Tip 4: Exercise Regularly
Engaging in regular physical activity is another natural way to reduce high cholesterol. Exercise can help to raise HDL cholesterol levels, as well as reduce LDL cholesterol levels. It is essential to find an exercise routine that you enjoy and that is appropriate for your fitness level. Aim for at least 30 minutes of moderate-intensity physical activity, such as walking, swimming, or biking, at least five days a week.
Tip 5: Reduce Stress
Reducing stress is another natural way to reduce high cholesterol. Stress can hurt cholesterol levels, as it can cause an increase in LDL cholesterol and a decrease in HDL cholesterol. Time to relax and unwind can help reduce stress and improve cholesterol levels. Yoga, meditation, and deep breathing can help reduce stress and improve cholesterol levels.
Conclusion
High cholesterol is a serious health concern that can lead to heart disease and stroke. Fortunately, there are several natural ways to reduce high cholesterol. Increasing dietary fiber intake, eating foods rich in omega-3 fatty acids, losing weight, exercising regularly, and reducing stress can all help to reduce high cholesterol levels. Taking small steps to implement these tips can help to reduce high cholesterol and improve overall health.
The Natural Way – How to Reduce High Cholesterol
Medications used to manage high cholesterol levels are called statins.

Side effects vary between different statins, but the most common ones are:
- Digestive problems, including diarrhea, constipation, indigestion
- Headache
- Dizziness
- Muscle pain
- Low blood platelet count
- Feeling unusually tired
- Problems with sleep
Statin use may lead to more side effects and conditions like pancreatitis, hepatitis, skin problems, diabetes type 2, erectile dysfunction, etc. If you are at risk of developing these conditions, you should avoid taking these medications through lifestyle and dietary changes. Talk to your healthcare provider about the natural approach.
Suppose you have high cholesterol or a family tendency towards atherosclerosis. And now you ask yourself, “what is the natural way how to reduce high cholesterol?”
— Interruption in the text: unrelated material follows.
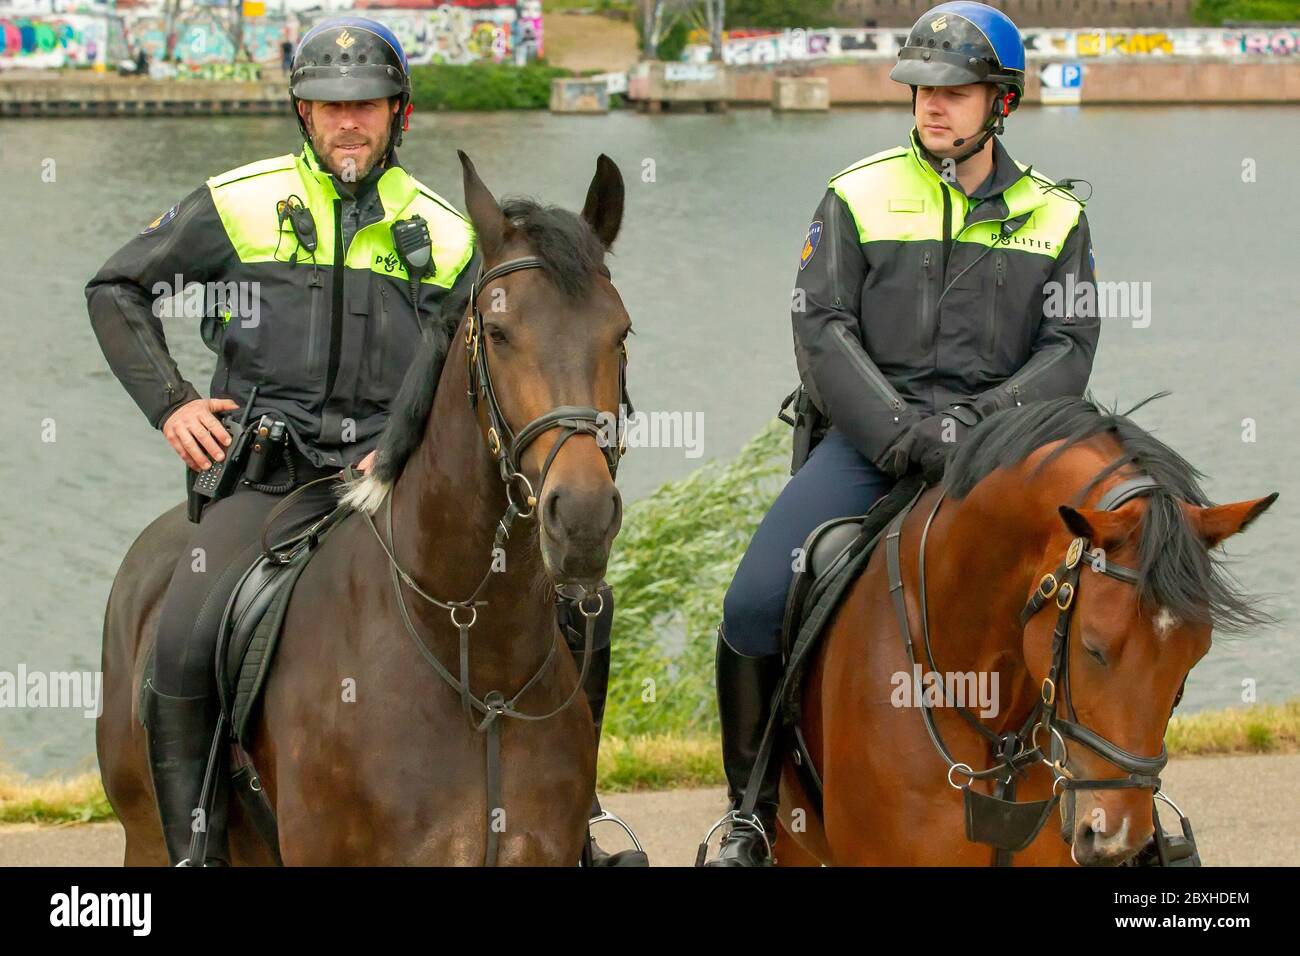 7 giugno 2020 Maastricht, Paesi Bassi 2 poliziotti sui cavalli che guardano una protesta contro il razzismo il 7 giugno 2020 a Maastricht, Paesi Bassi Foto Stock

In that case, it is best to avoid processed and prepared foods, fried food, food containing animal fats or animal products, high-fat dairy products, and food containing either saturated fat or trans fats. Research has revealed the key to lowering LDL cholesterol is a healthy, balanced diet that incorporates plenty of soluble fiber and at least five portions of fruit or vegetables a day. Combined with regular cardiovascular exercise, these dietary changes should help keep the heart healthy and provide numerous other health benefits.